Лысый с длинным суетливо вытащили Маартена, а тюремщик, ворча себе под нос, плюхнул в общую миску местный деликатес под названием лабскаус – это была жидкая кашица из мелкорубленой вареной солонины с соленой селедкой, хорошенько сдобренной перцем.

В карте вин значился кваст – полный кувшин теплого лимонада.

– А вот тут вода, – ворчливо сказал тюремщик. – Промоешь. И рубаху сними, присохнет ведь.

Сухов стащил рваную сорочку, промыл, как смог, ссадины, после чего поинтересовался:

– Как тебя звать?

– А тебе зачем? – буркнул хромой. – Ну Йохан я.

– Что там с «Мауритиусом» сталось?

– Потоп «Мауритиус».

– А «Грооте Маане»?

– Не рассмотрел.

Посопев, Йохан добавил:

– Хорошо ты Маусу врезал. Аж на душе потеплело! – Тут же решив, что слишком разоткровенничался, профос засопел громче, раздувая ноздри: – Где их носит?
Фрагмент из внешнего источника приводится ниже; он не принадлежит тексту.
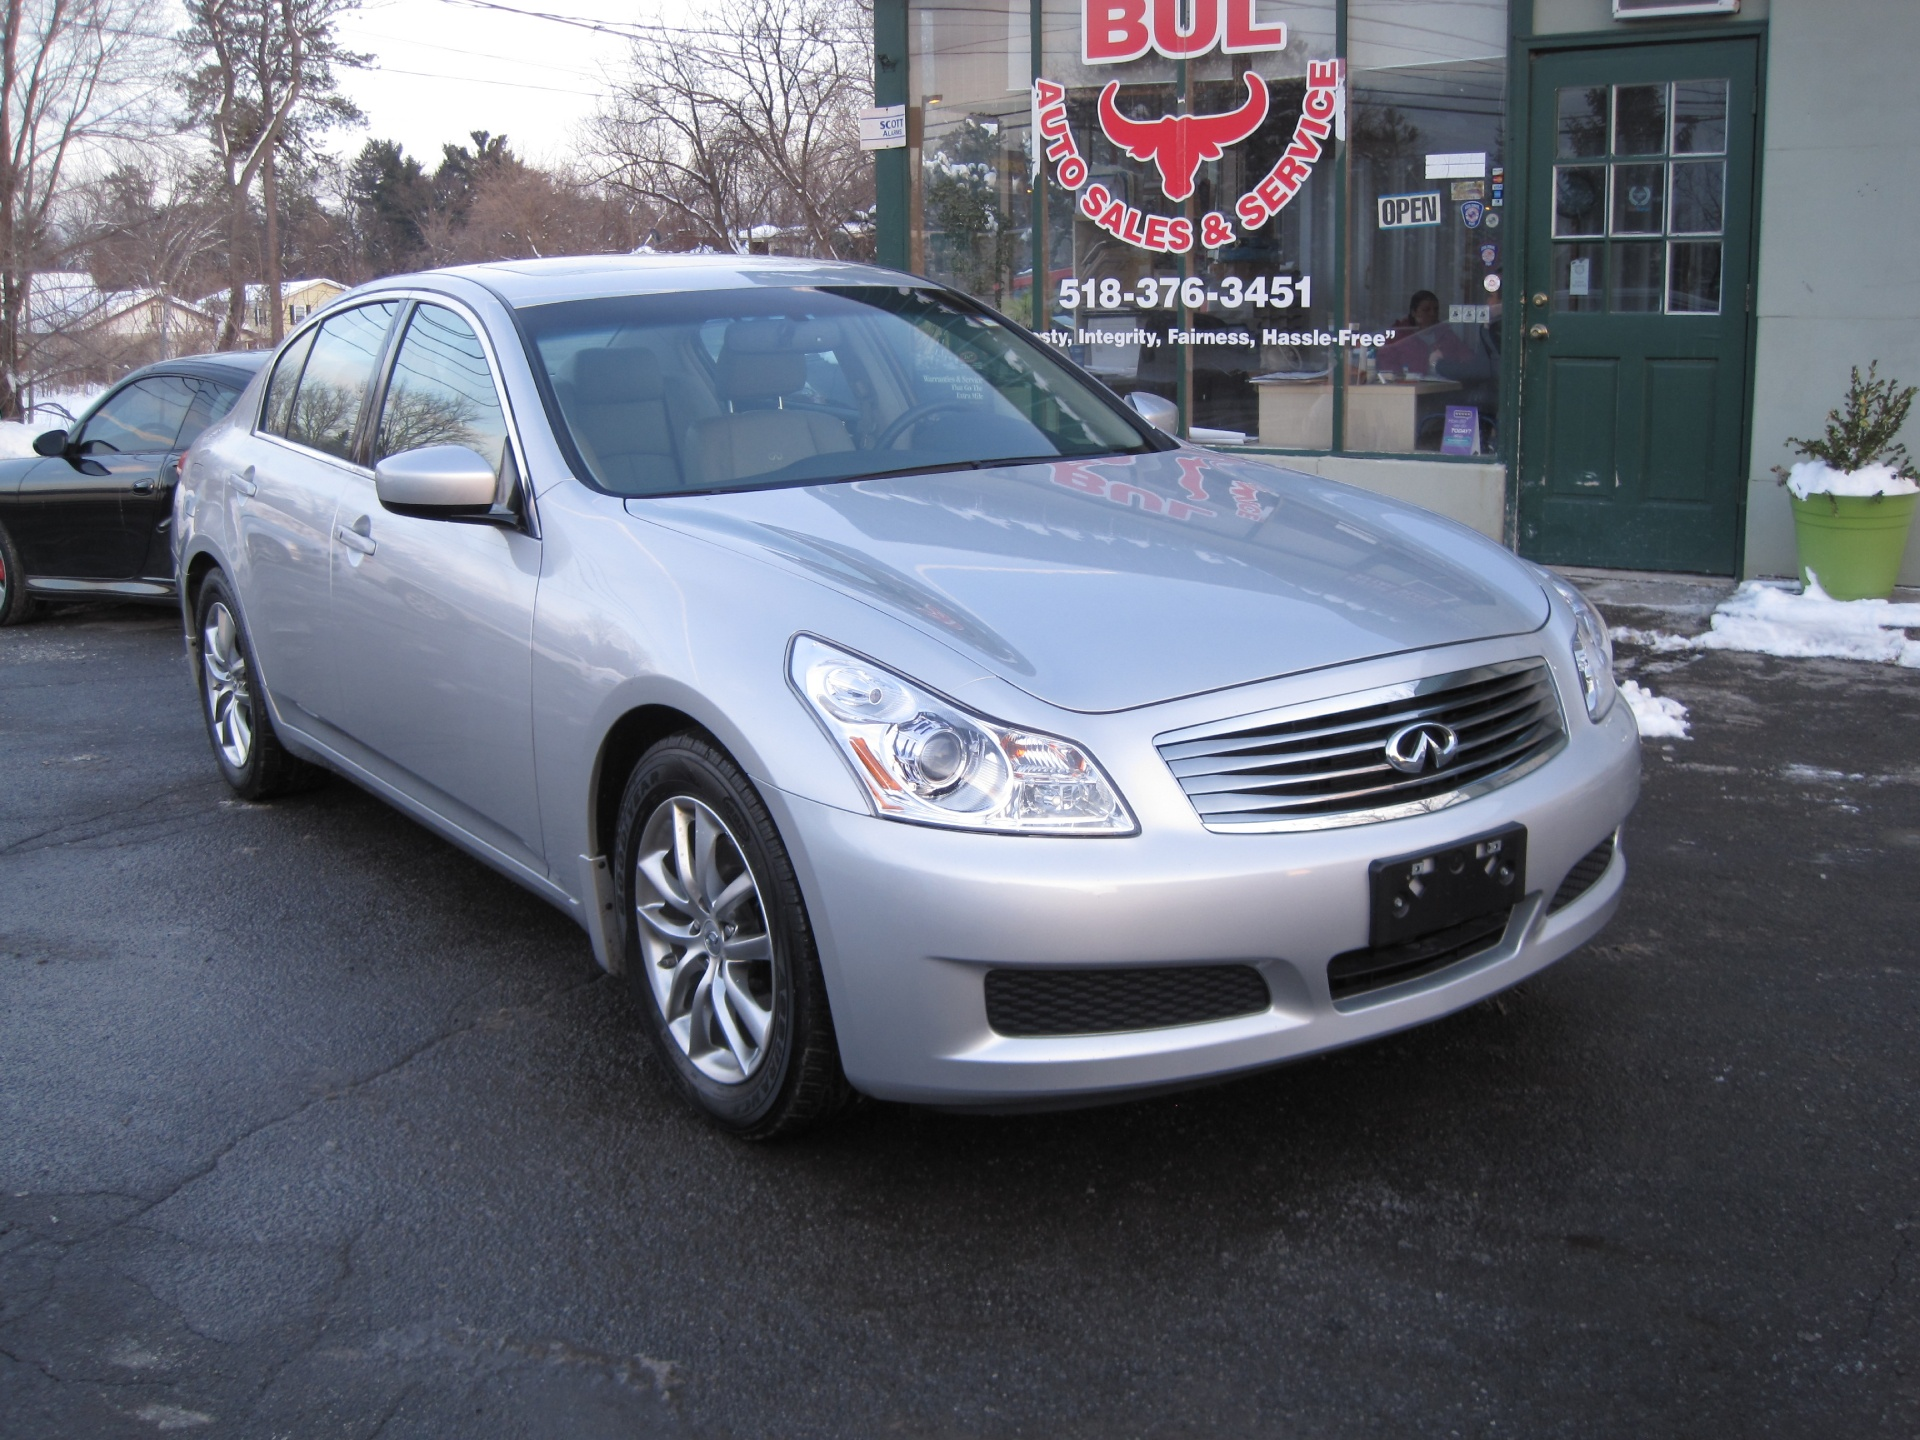 2009 Infiniti G37 Sedan Journey Stock 14214 For Sale Near Albany Remote Start Used Ny

Послышался гулкий топот, и отбывающие наказание вернулись на гауптвахту, веселые и довольные, – на прогулке побывали, вкусили убогой радости бытия.

Надо полагать, безвременная кончина Фокса никого особо не опечалила. По крайней мере настолько, чтобы делать оргвыводы…

Профос удалился, а Олег продолжил скромное пиршество.

– А вам что, – спокойно спросил он, – особое приглашение требуется?

Отъев ровно треть, Сухов отвалился к «своему» шпангоуту и отхлебнул кваста. Ну не квас, конечно, но пить можно.

Клаас с Карстеном вооружились ложками, глянули неуверенно на вожака и набросились на еду…


Через неделю лысого с длинным освободили, и Олег остался один.

Никто его не тревожил, не требовал к ответу за убийство. Кормили скудно, но, как говорится, и на том спасибо.

Раны на спине оказались несерьезными, заживали хорошо. «Оскорбление действием» жгло куда сильней.

От нечего делать капитан Драй сплел себе подобие мокасин из кожаных полосок и шнурков – обычная моряцкая обувка, удобная тем, что ноги в ней не скользили по мокрой палубе.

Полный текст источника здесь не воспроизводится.